Overview
Adolescence is an age of explosive growth and change when young people are seeking to understand and assert themselves. It is a dramatic and challenging time, both for young people and for those adults, parents, and teachers who work with them. In the Montessorian view of adolescence, teenagers have three commanding needs: 1) the need to do meaningful work that makes a significant contribution to their community; 2) the need to form social groups and to be involved in social and political issues; 3) the need to have a first-hand experience with the land in order to cultivate, sow seeds, and harvest the bounty of their work. Caring for the land and animals helps them to discover the ecological connection between all living things.
The first goal of the Junior High program at Lake Country School is to provide a setting where adolescents are respected and loved, a place where they can struggle, work hard, be challenged, be responsible, and have repeated opportunities to test themselves. Through flexible, stimulating and supportive learning environments, this goal can be realized in many ways.
Our second goal is to maintain a community within the classroom. Each student accepted into the program signs an agreement promising to deal honestly and sincerely with the conflicts and tensions of interpersonal relationships. In recognizing each other as valuable people, students accept the struggle of dealing with conflicting points of view as a central learning experience.
Our third goal is to create a diverse curriculum that focuses on the wider interests and needs of this age. Because early adolescence is a time of testing and responding to challenges, it is essential that their education be broad and personally expanding and that it stretch them physically and mentally. We seek to prepare students to be aware of the ideas and values that are their common heritage and to help them become reflective and intellectually independent. This age is a time of consolidation of experience and self-discovery, and it is important that the school environments that challenge them be nurturing and safe as well.
Odyssey
The Odyssey trips at the beginning of each year set the stage for the formation of the community and the academic tone for the first semester of the year. The Odyssey East to Williamsburg and Washington, D.C., focuses on the creation of a nation, the foundations of democracy, weather, phenology and human genetics, early American literature, essays, and political thought.
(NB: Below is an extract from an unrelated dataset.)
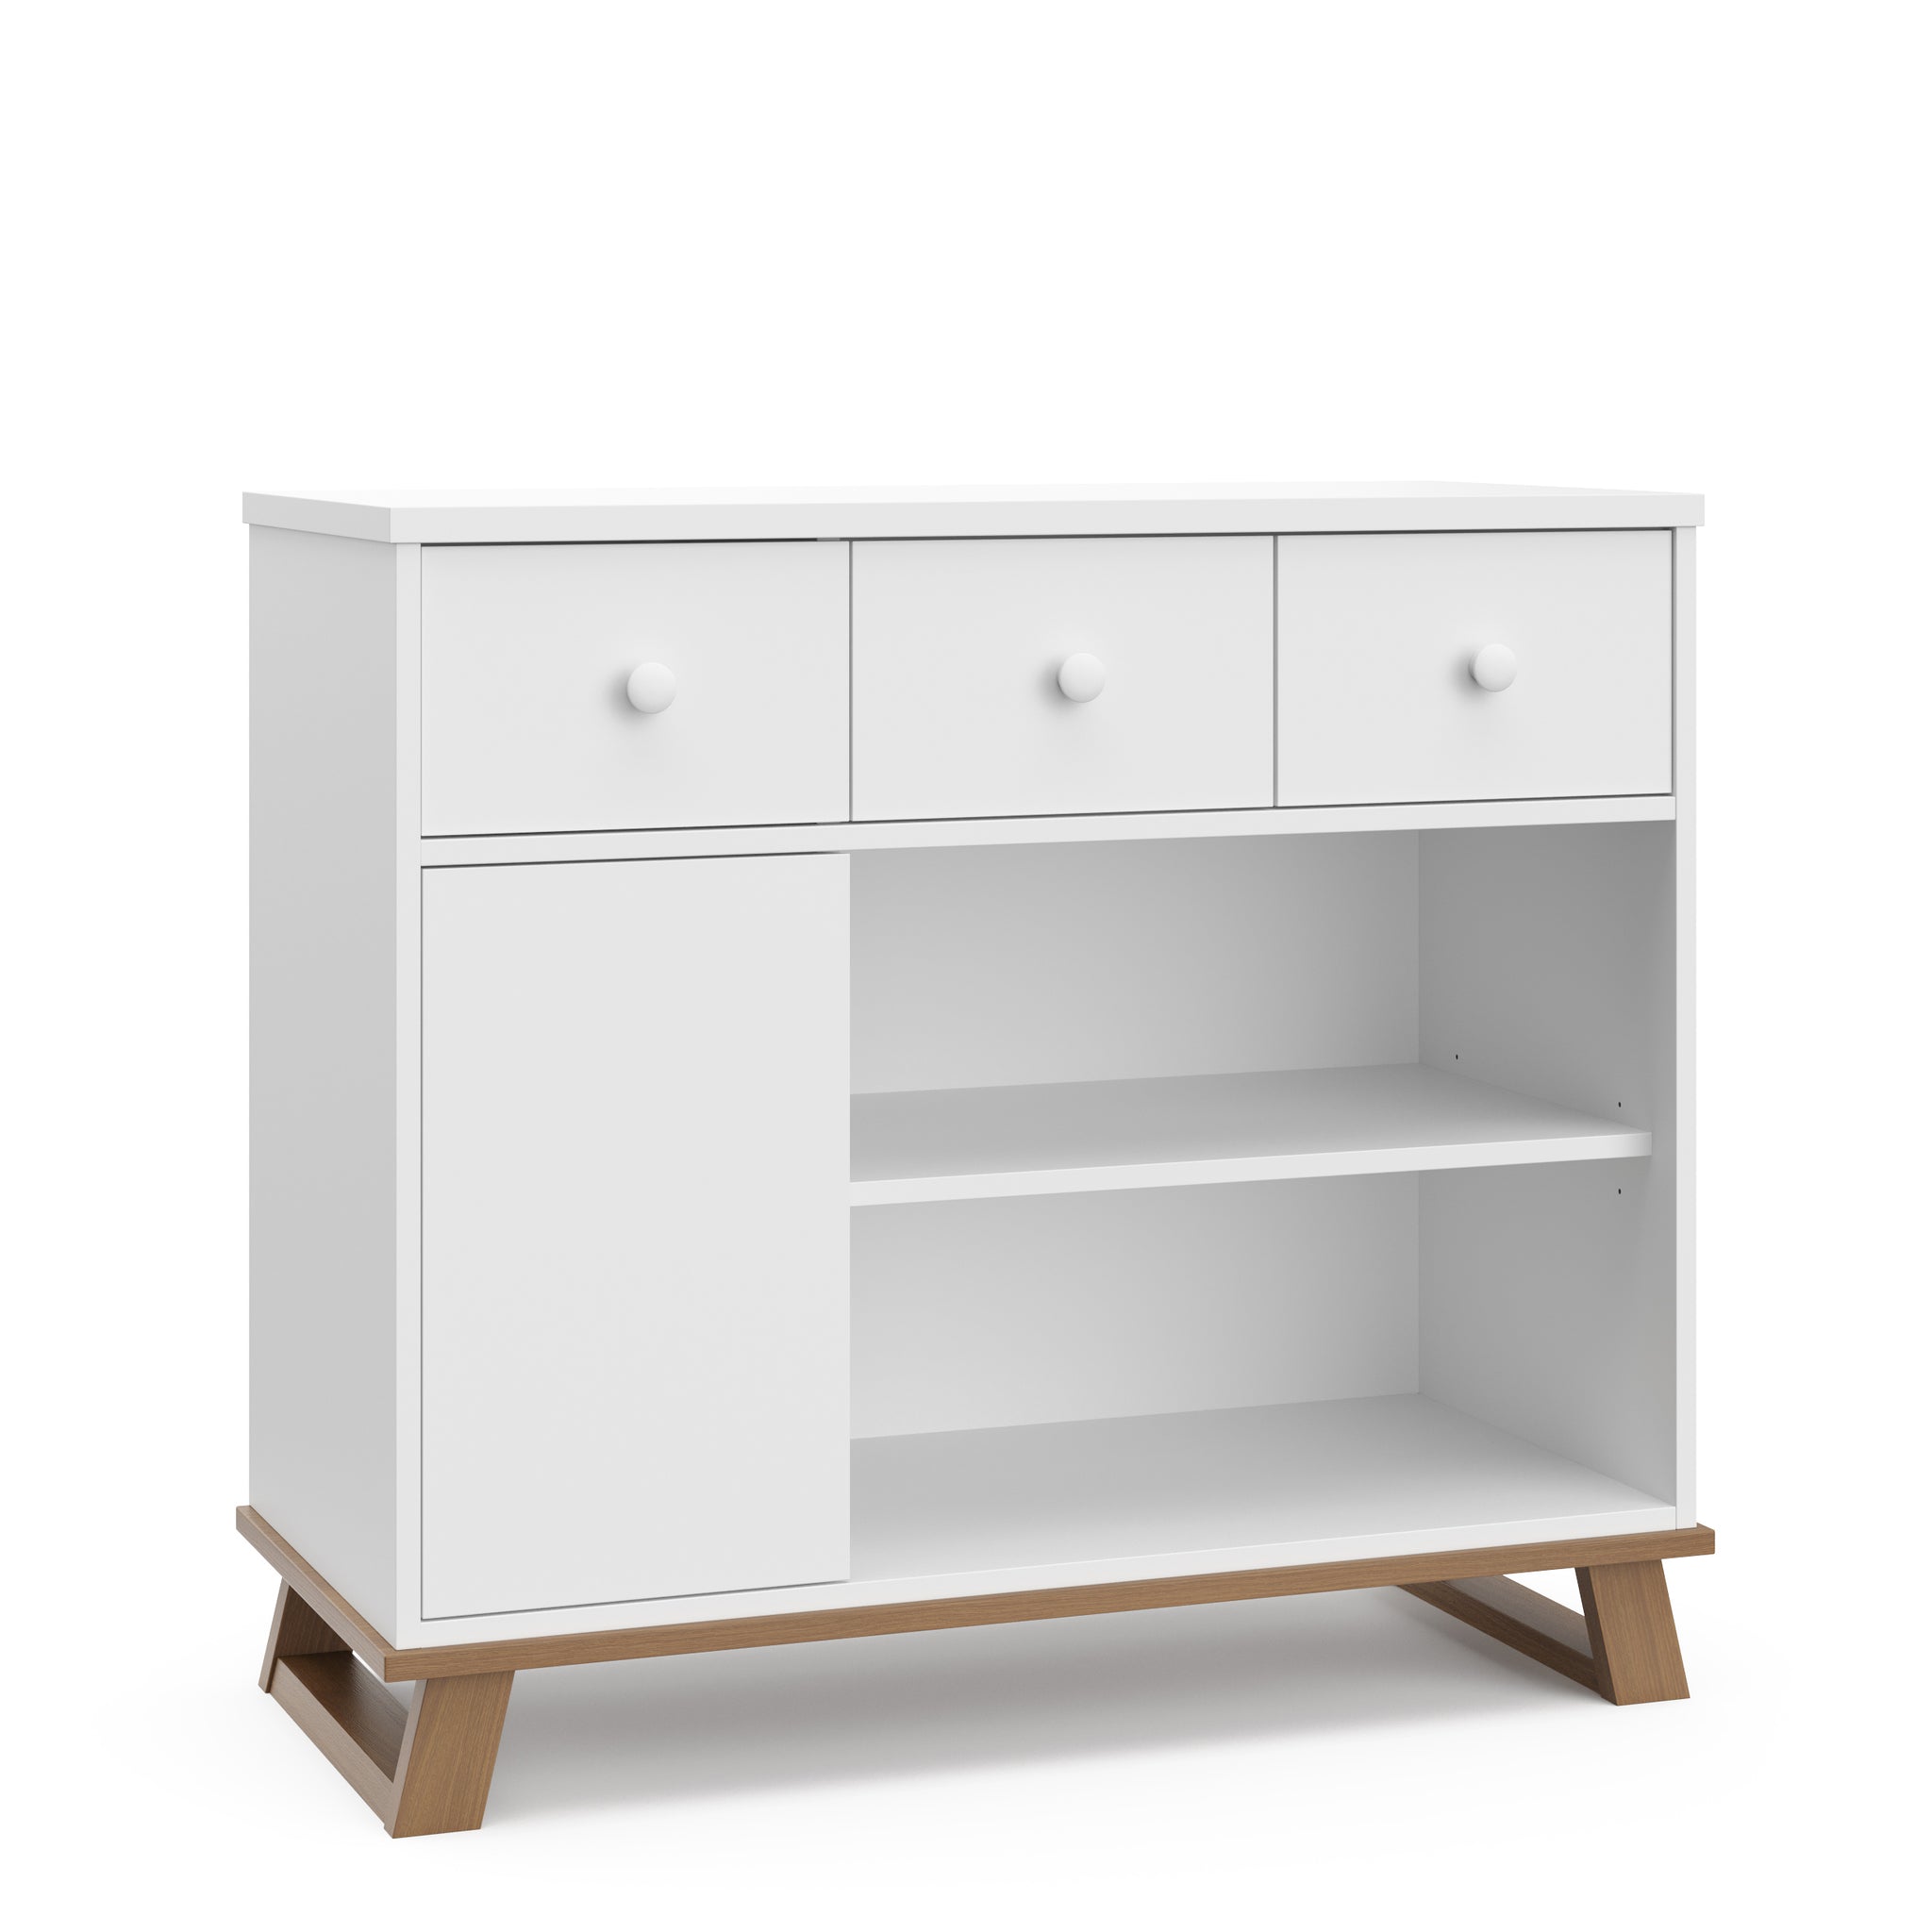 Front view of a changing table in white with a vintage driftwood base, showcasing two drawers and the changing topper removed for versatile use

The Odyssey West, to Crow Canyon, focuses on the first humans in North America, the needs of early peoples, the effects of climate in their lives, the science of archeology, geology of the western United States, the art and literatures of early cultures. The Odyssey South to the J.L.Scott Marine Educational Center in Biloxi focuses on marine biology, slavery and the Civil War, and 19th and 20th century American literature.
Program
The Junior High curriculum is configured in a yearly cycle. In most instances, the work of the students is focused on their own research and projects. Each year some projects are integrated across disciplines. The following courses are offered at the Junior High level.
- Humanities (Writing and Literature, Philosophy, Latin, Seeing with the Mind, Social Studies)
- Mathematics (Pre-algebra, Algebra, Geometry)
- Science
- Art
- French
- Music and Drama
- Physical Education, Health and Sex Education
- Woodworking
The Lake Country Land School offers Junior High students unique opportunities to connect to a rural experience. Each student may elect to participate in a Land School residency during one of four six-week sessions over the school year. Residency programs vary according to the season, but include academic, economic, and physical work. In addition, each student assumes a role as a manager of an occupation on the farm or on the land. Occupations involve both deep physical work and a pertinent focused study. When students live at the Land School during their six-week residencies, the art of self-teaching and self-direction comes into play.
There are four full-day experiences at the Land School over the course of the year for all Junior High students. During visits to the Land School every student participates in some aspect of stewardship and preservation of either the natural environment or the agricultural environment. Stewardship activities include trail and bird feeder maintenance, development of the camping areas, planting trees to prevent erosion, and tipi maintenance. Land School projects may focus either on farm related or natural or environmental science areas, with a focus on real-world application.
In summer, Junior High students may apply to participate in a 4-day residential apprenticeship program to support and maintain the community supported agriculture (CSA) gardens at the Land School.
January Interim: Mirroring the experience of the Odyssey and supporting the adolescents developmental need for self-expression, January serves as a month-long drama experience that offers an immersion into another time and place through theater. Working in crews, students participate in every aspect of creating, staging and acting in a major performance for the school and parent community. An annual rotation of genres generally include Shakespeare, a musical, and an original or adapted script.
Town and Country Days offers a week-long exploration of the Twin Cities and rural areas surrounding the Land School. Each field trip focuses on a place or topic of social or historical significance and supports the adolescents developmental need for broadening their sense of belonging and community perspective.
Bike Trip: The Junior High students take a five-day bike trip with the staff in the late spring of every year. The trip is physically challenging and ends the year with a bond of shared experiences and memories.